* Source data *
________________

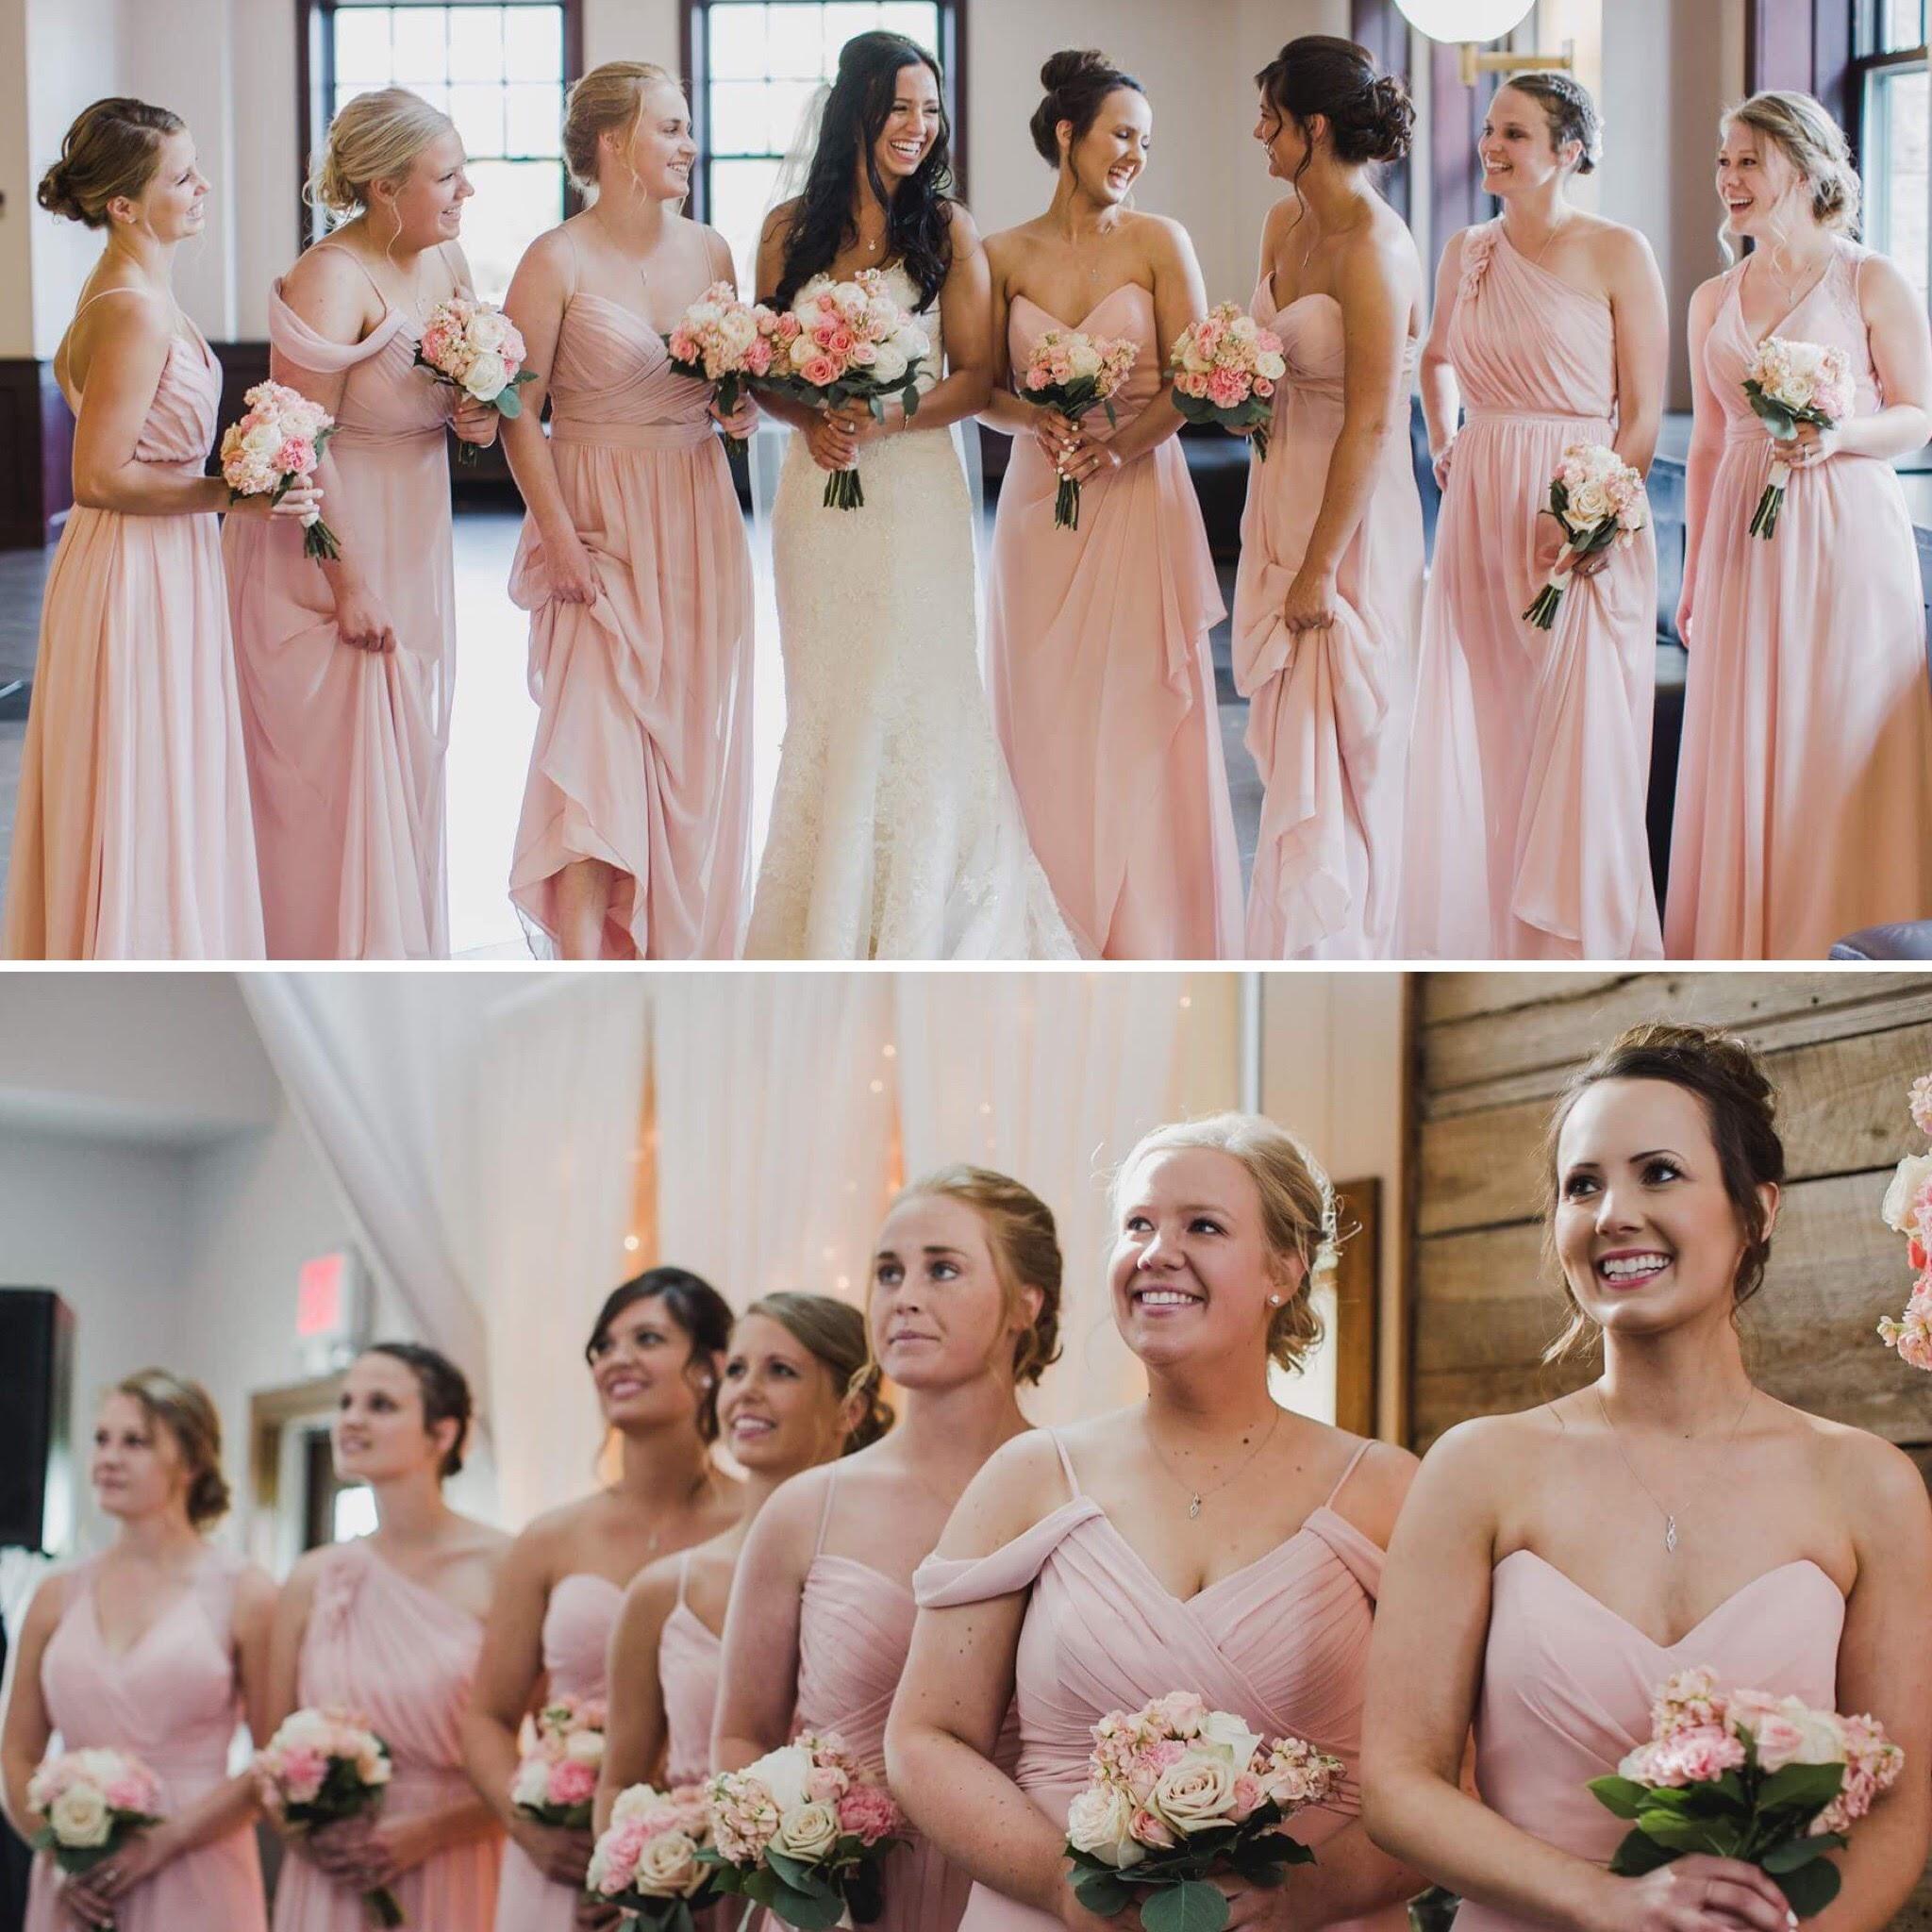 Jillian's Bridal Party
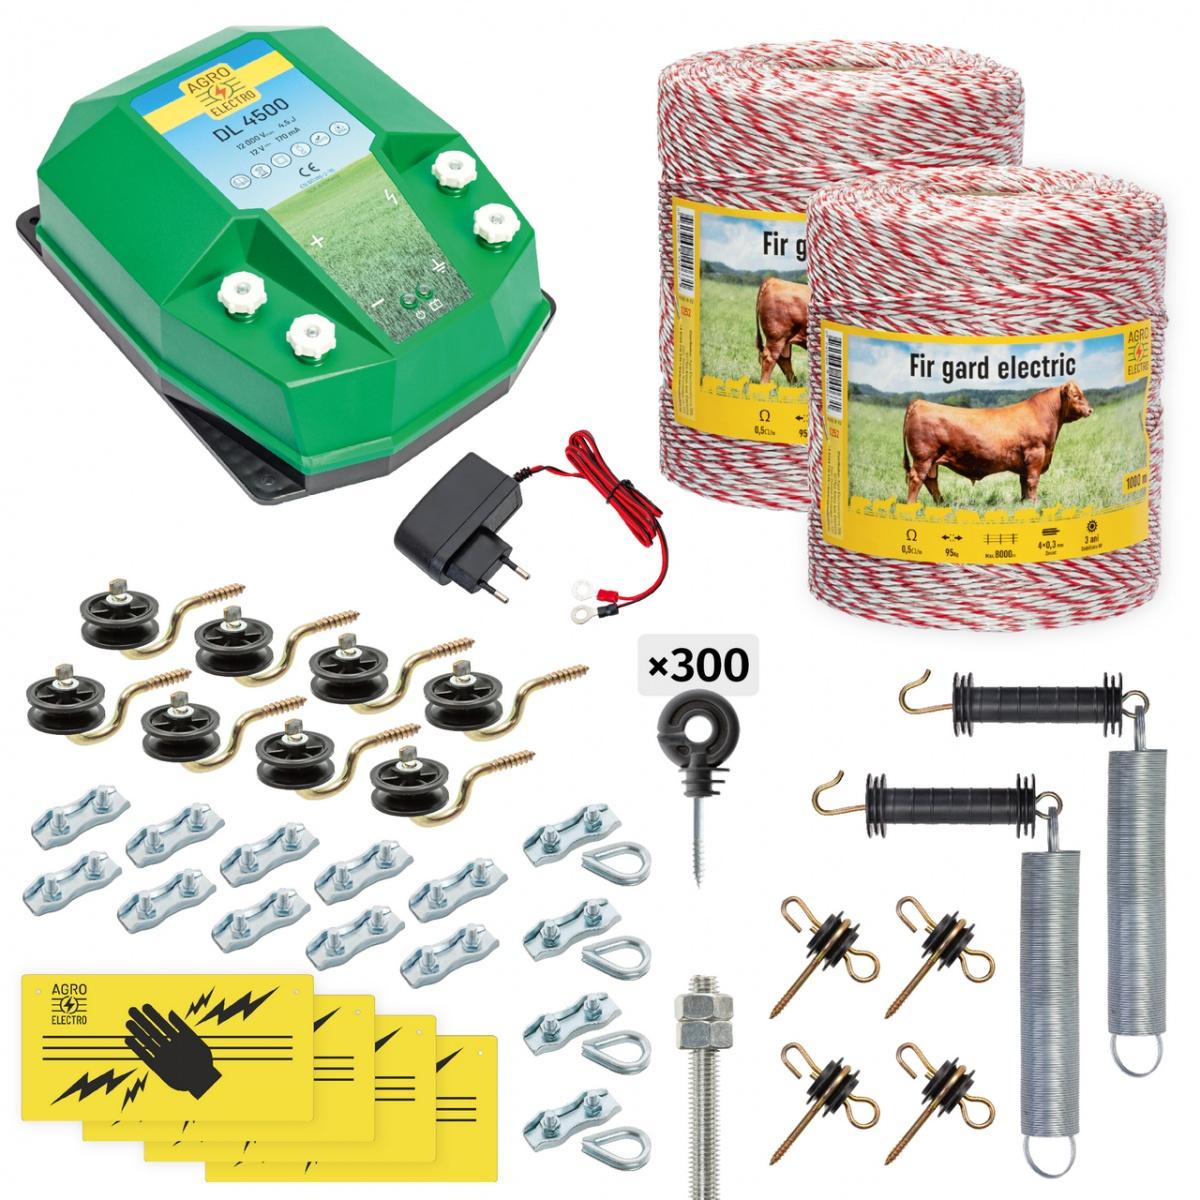 Pachet gard electric complet 2000m, 4,5 Joule, 230V, pentru animale domestice
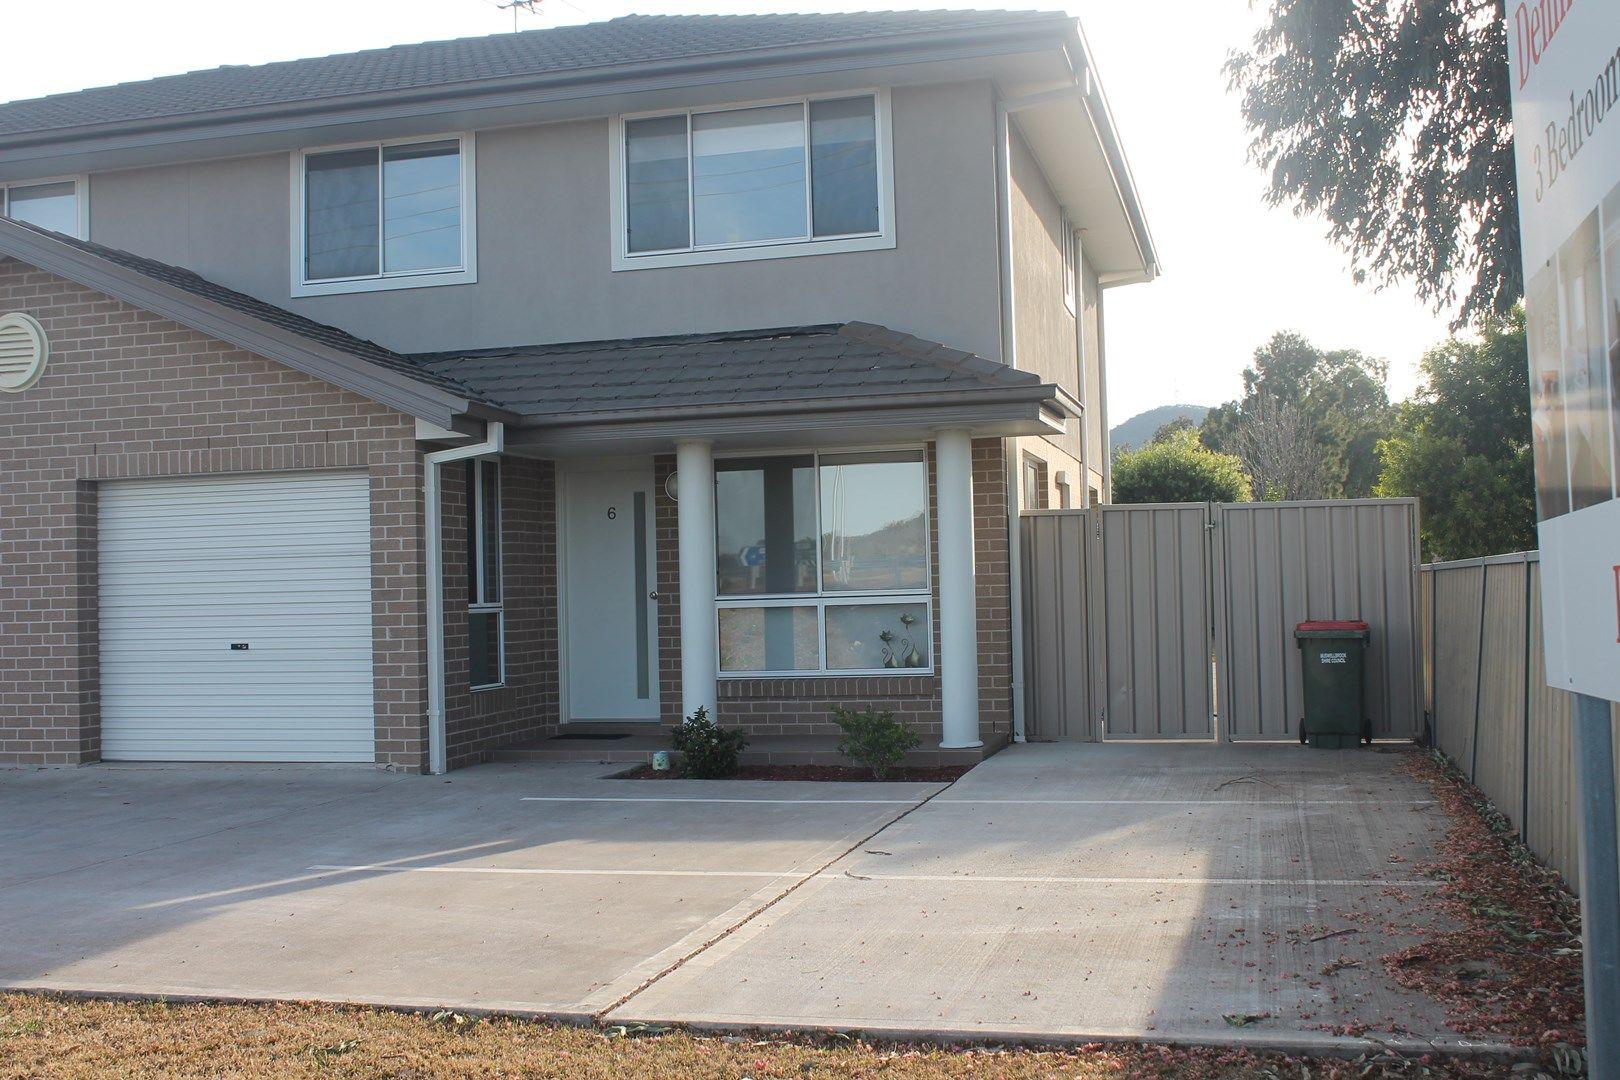 6/2 Crinoline, Denman NSW 2328, Image 1
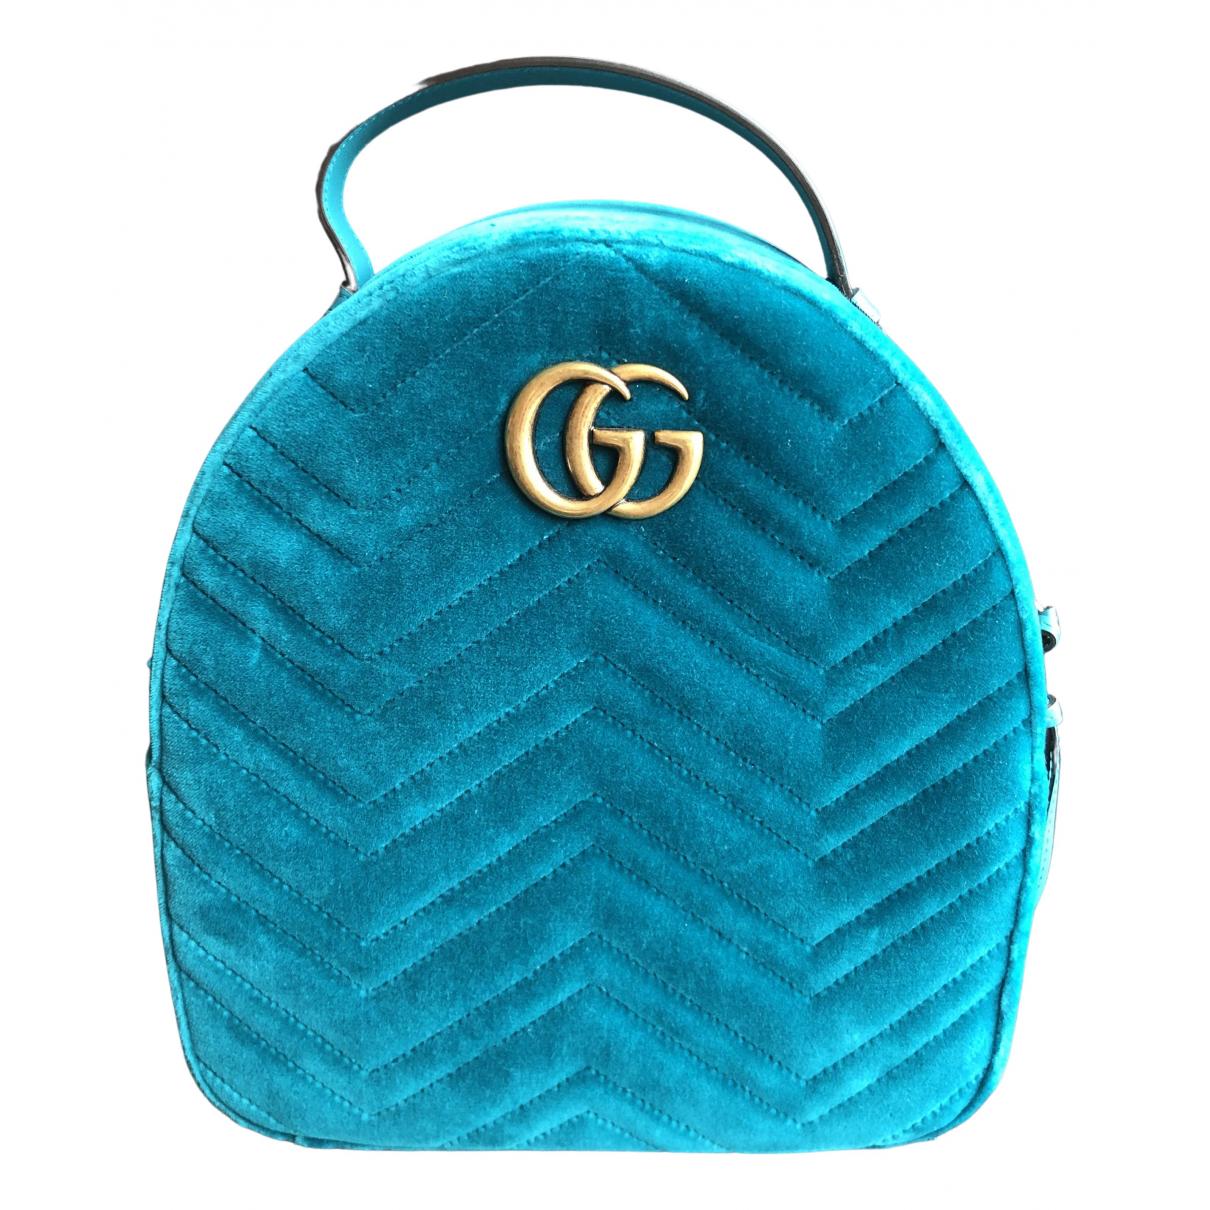 Gucci Marmont Turquoise Velvet backpack for Women N

________________

* What this task involves *
The lines from the one containing "6/2 Crinoline, Denman NSW 2328, Image 1" to the final line of the material, both ends included, should be retyped exactly and alone, with no pictures.

* Result of this exercise *
 6/2 Crinoline, Denman NSW 2328, Image 1
 Gucci Marmont Turquoise Velvet backpack for Women N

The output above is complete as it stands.